2. Materials and Methods

2.1. Study Design and Sample

This study was part of a larger study that employed a mixed-model, within-subject, two-factor (A and B) experimental design. All subjects were exposed to the two levels of Factor A and the 5 levels of Factor B. The two Factor A levels were the schedule of breathable gases, with each schedule lasting 134 min. One Factor A schedule consisted of breathing 14% O2 (normobaric–hypoxic) continuously for 108 min immediately followed by breathing 21% O2 (normobaric–normoxic) for 26 min. The other Factor A schedule consisted of breathing 21% O2 (normobaric–normoxic) continuously for 108 min immediately followed by breathing 33% O2 (normobaric–hyperoxic) for 26 min. Subjects were tested with one schedule in the morning and the other schedule in the afternoon, following lunch. The schedule tested first alternated between subjects, so that the accrual of data was counterbalanced.
Factor B was a pair of computer-generated surrogate flight-relevant tasks that subjects repeatedly performed throughout the two 134-min periods of testing. The 134-min testing direction was divided into 5 successive epochs to evaluate the effects of prolonged exposure.

2.2. Subjects

The 24 volunteer subjects were a self-selected sample drawn from the local geographic area around Fort Novosel, AL, USA. The sample consisted of military and civilian personnel recruited via study fliers, email, social media, word of mouth, etc. Individuals interested in the study contacted the advertised research team point of contact, who prescreened volunteers for eligibility. Participants were eligible for the study if they were (1) between 19 and 45 years of age, (2) in an “off-duty” status, (3) not pregnant, and (4) reported no history of amblyopia, strabismus, corrective eye muscle surgery, or severe altitude-related illness. Participants were excluded from the study if they (1) exhibited symptoms of respiratory or sinus infection or flu, (2) used tobacco products in the last 6 months, (3) donated blood in the last 30 days, (4) spent 10 or more days at an altitude greater than 5000 ft above mean sea level in the past 3 months, (5) reported a history of excessive alcohol use during the last 6 months, and (6) were not under medical treatment for psychiatric, neurological or sleep-related problems, anemia, asthma, heart/circulatory disease, hypertension, sickle cell anemia, emphysema, seizure disorder, chronic stress, concussion with loss of consciousness, or attention deficit hyperactivity disorder. All prospective participants were fully informed of the study protocol, measurements, risks, and benefits in accordance with the Declaration of Helsinki. All subjects voluntarily consented to participate in the study. By agreement with the subjects, the gender and ethical attributes of the subjects cannot be disclosed. The protocol and study procedures were approved by the Headquarters, U.S. Army Medical Research and Development Command Institutional Review Board (HQ USAMRDC IRB M-10859; approval date 28 December 2020).

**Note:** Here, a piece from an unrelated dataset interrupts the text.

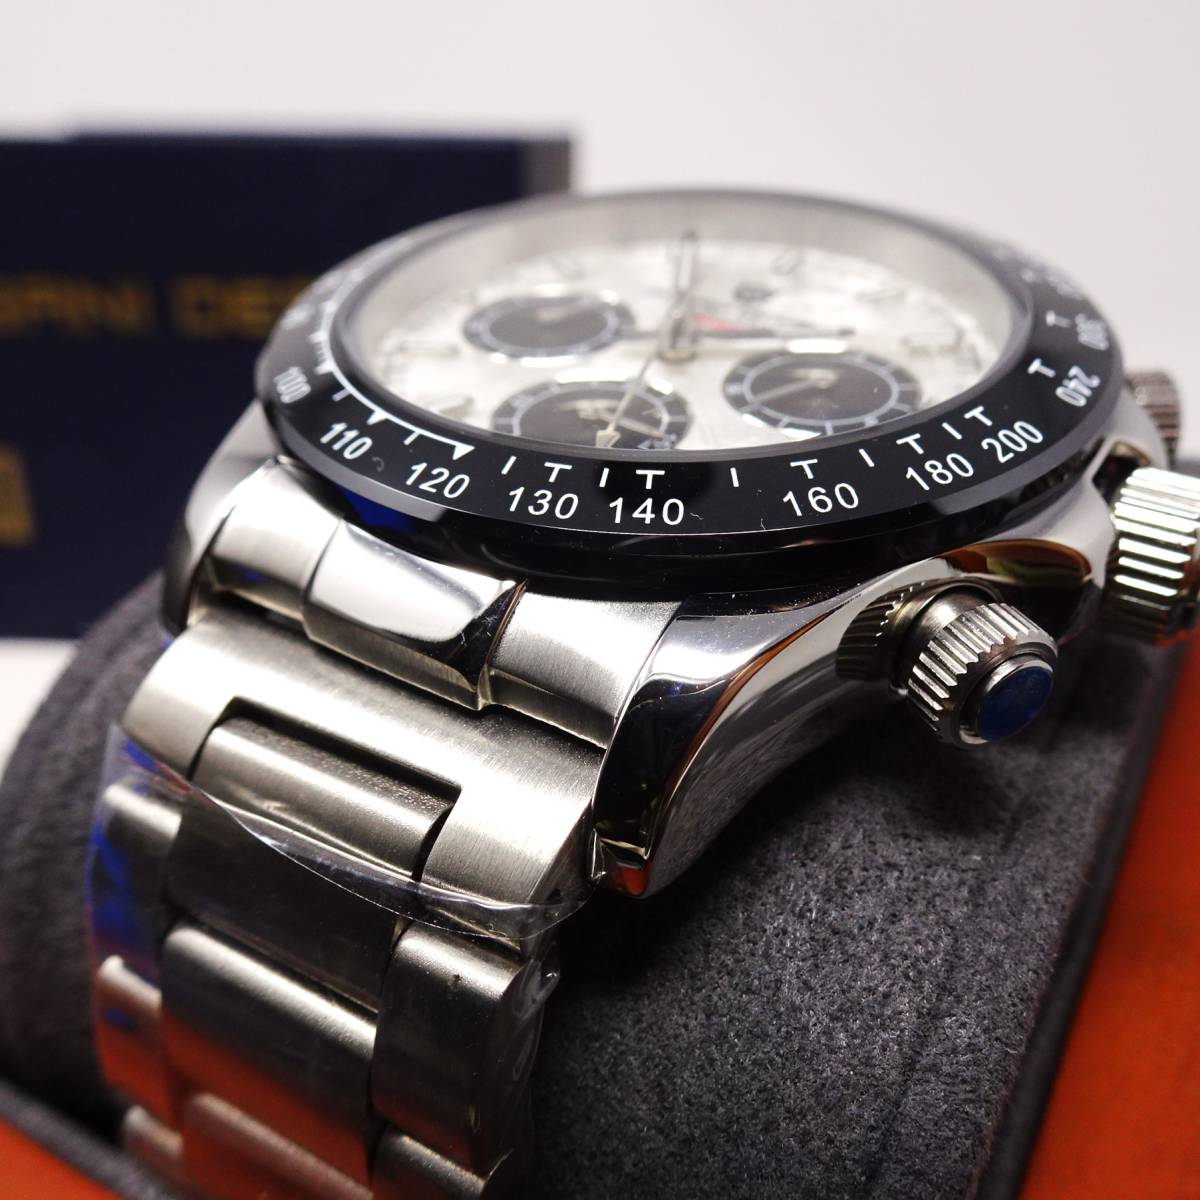 送料無料・新品・パガーニデザイン・メンズ・セイコー製VK63クロノグラフクオーツ式腕時計・フルメタル・オマージュウオッチ・PD-1664 _画像5

2.3. O2 Exposures (Factor A)

The three pre-mixed compressed air gas combinations were obtained from a commercial supplier (Airgas, Air Liquide Company, Radnor Township, PA, USA). These pre-mixed combinations were (a) 21.0% O2 balanced with 79.0% N to emulate mean sea level (MSL) air, the normoxia condition; (b) 14.0% O2 balanced with 86.0% N, which approximates the O2 content of air typically encountered at about 10,000 feet above MSL, the hypoxia condition; and (c) 33.0% O2 balanced with 67.0% N, to provide a moderately O2-enriched hyperoxic condition.
These gases were delivered to a subject via an aviator Mask Breathing Unit (MBU-20/P, Gentex Corp., Zeeland, MI, USA) commonly used by high-performance fighter-jet pilots. The mask is held in place over the oronasal cavity with an aviator’s helmet. Each volunteer was individually fit with the appropriately sized helmet and mask to maintain a secure comfortable seal for the duration of the study. The gas was delivered to the mask via a Cobham 29,270 oxygen regulator CRU-73 automatic diluter-demand pressure breathing oxygen regulator designed for use in high-performance aircraft. A built-in pressure reducer regulated the inlet supply pressure to 50 psig (344.7 kPa). Breathing gas was delivered to the mask by means of a flexible hose attached to the outlet of the regulator.

2.4. Simulated In-Flight Task Exposure (Factor B)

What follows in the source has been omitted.